* [PROVIDED RECORDS]

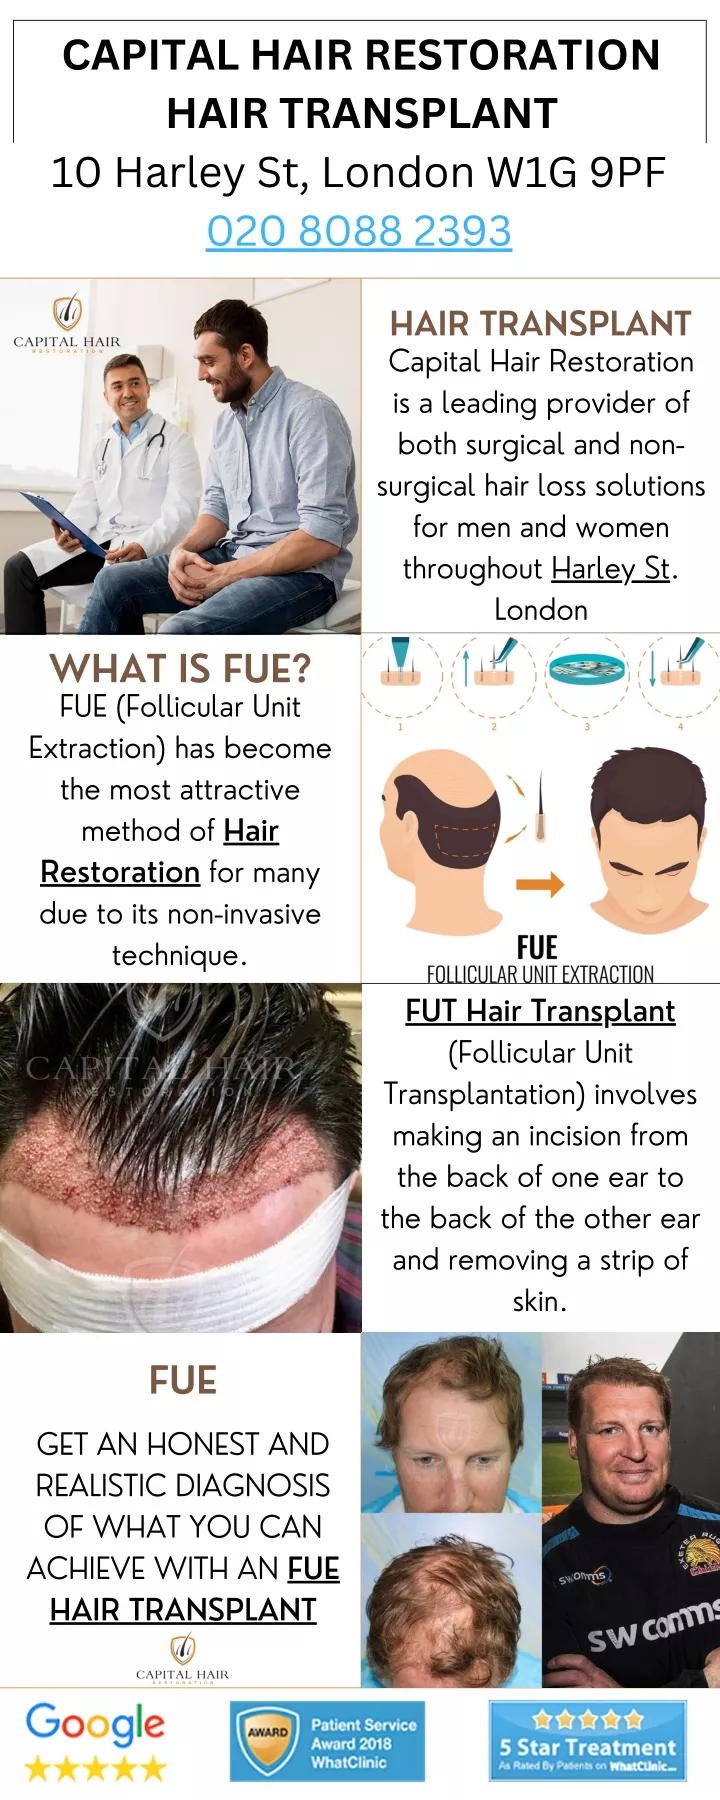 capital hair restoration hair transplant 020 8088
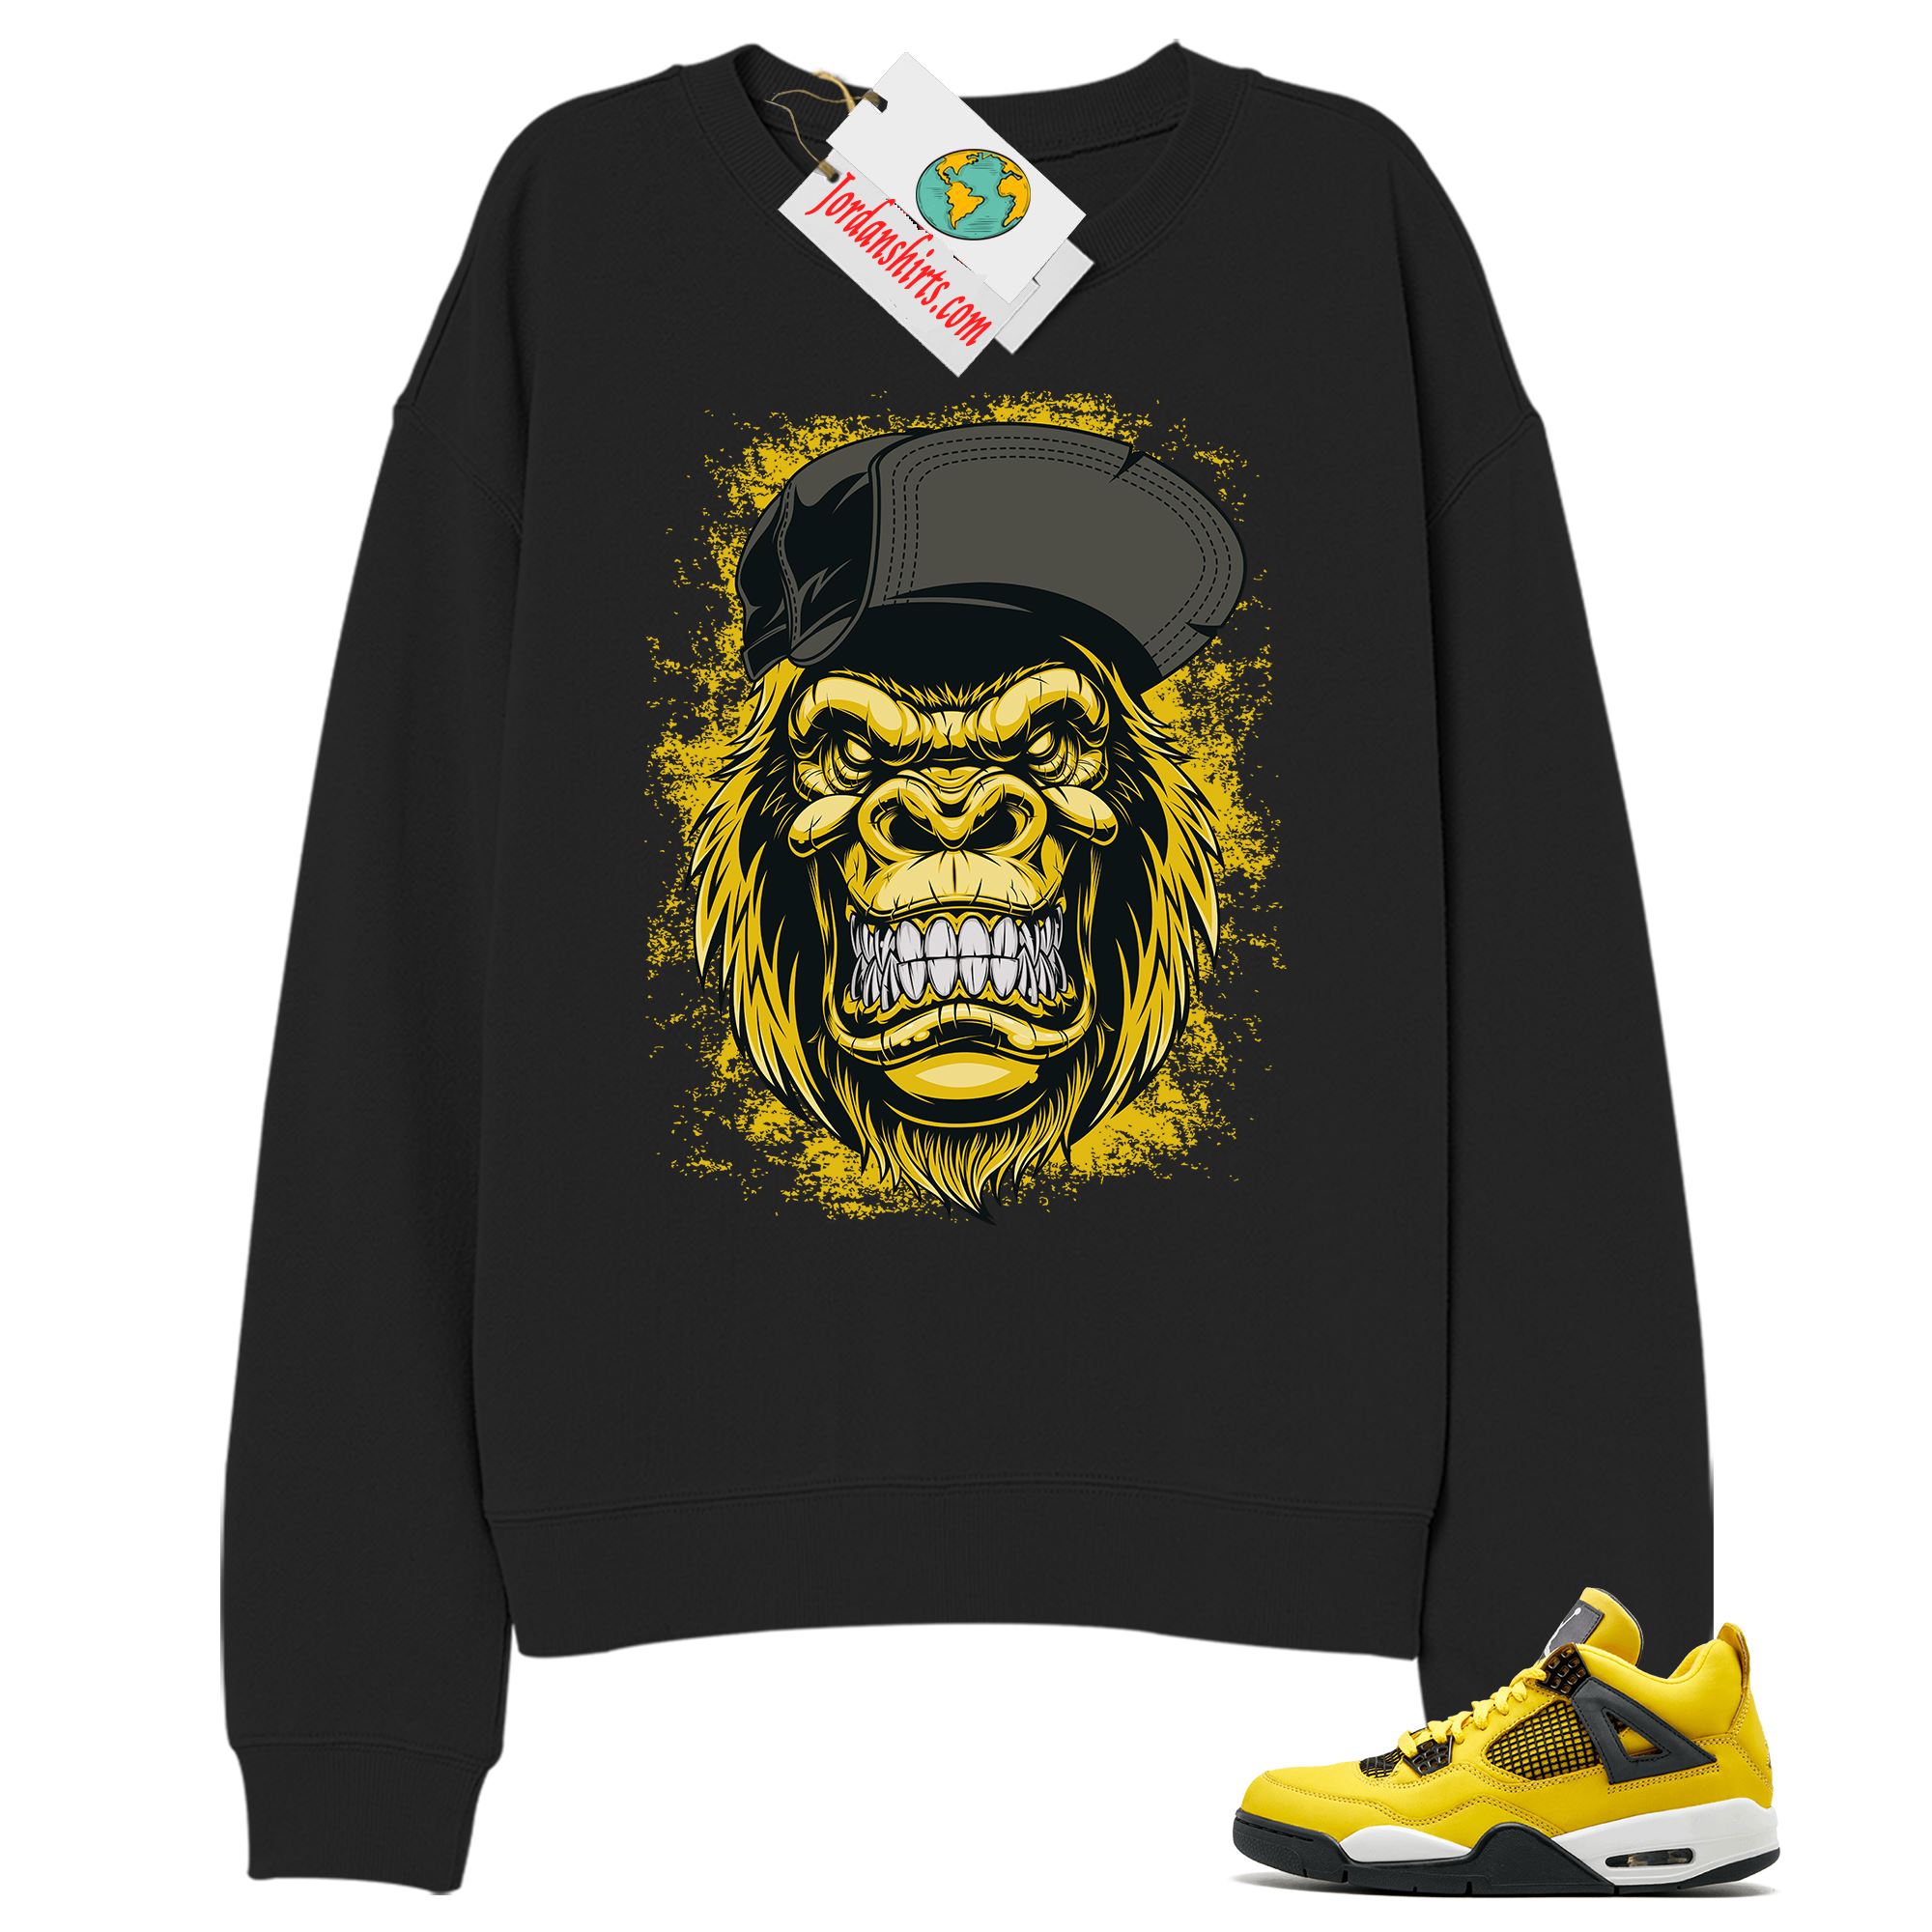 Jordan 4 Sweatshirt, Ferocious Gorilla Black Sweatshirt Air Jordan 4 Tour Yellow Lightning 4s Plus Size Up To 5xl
* * *
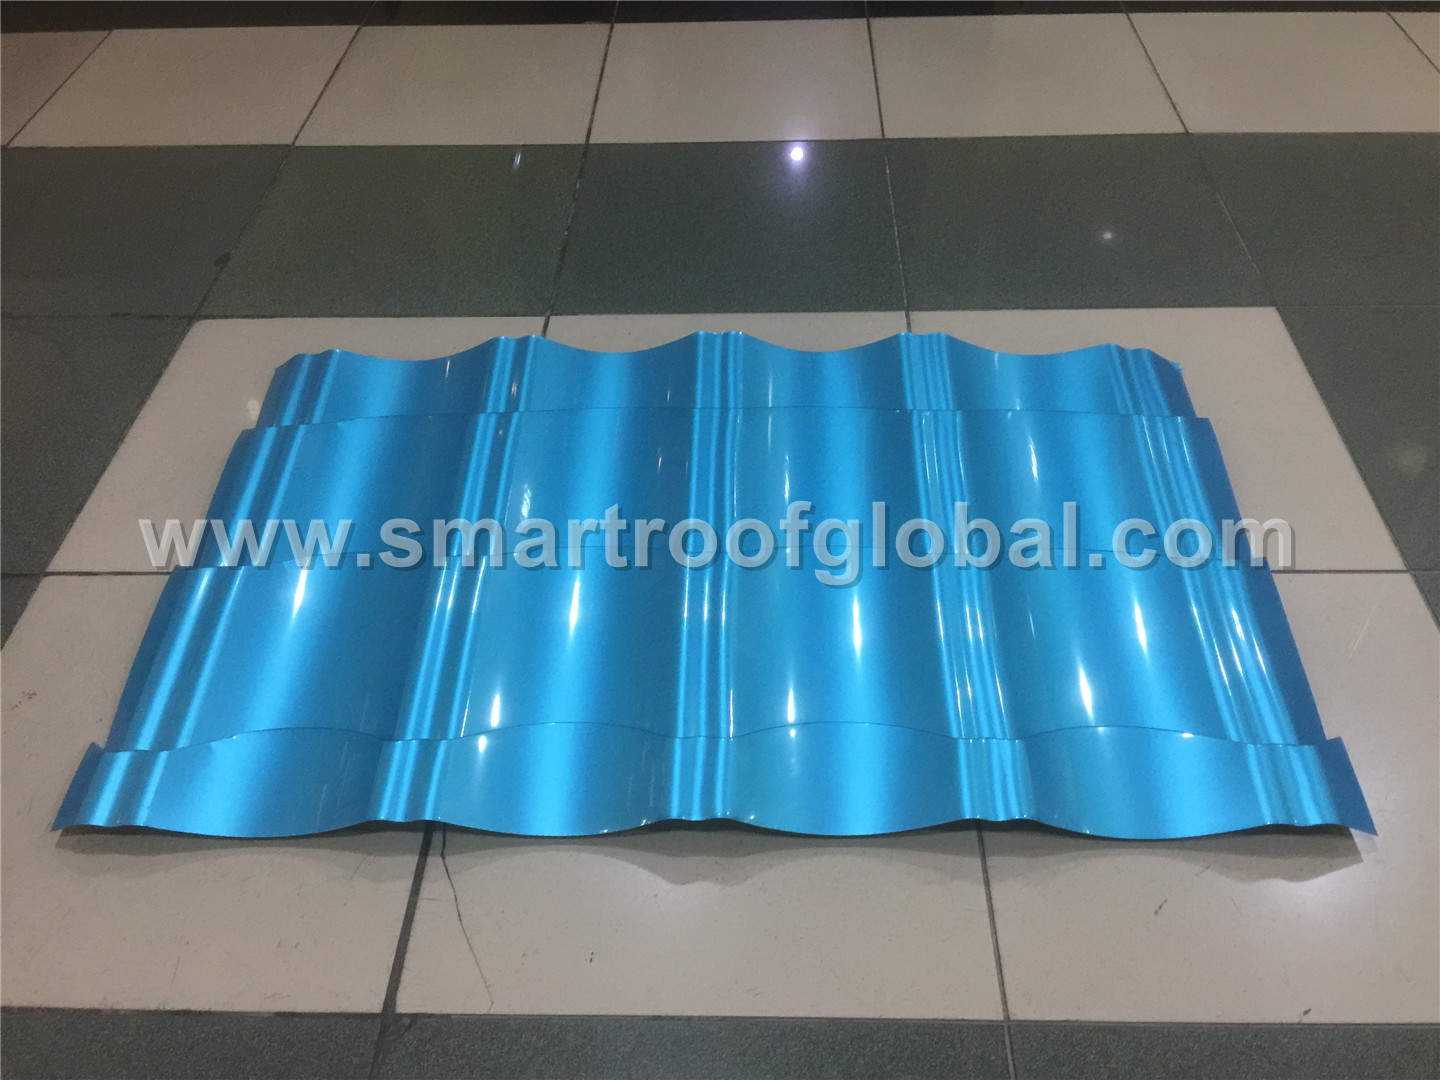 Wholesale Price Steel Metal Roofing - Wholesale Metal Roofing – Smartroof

* [WHAT YOU WILL DO]
Output exactly those lines of the data above that run from the line with "capital hair restoration" up to and including the line with "Jordan 4 Sweatshirt, Ferocious". No pictures go in.

* [WRITTEN ANSWER]
 capital hair restoration hair transplant 020 8088
 Jordan 4 Sweatshirt, Ferocious Gorilla Black Sweatshirt Air Jordan 4 Tour Yellow Lightning 4s Plus Size Up To 5xl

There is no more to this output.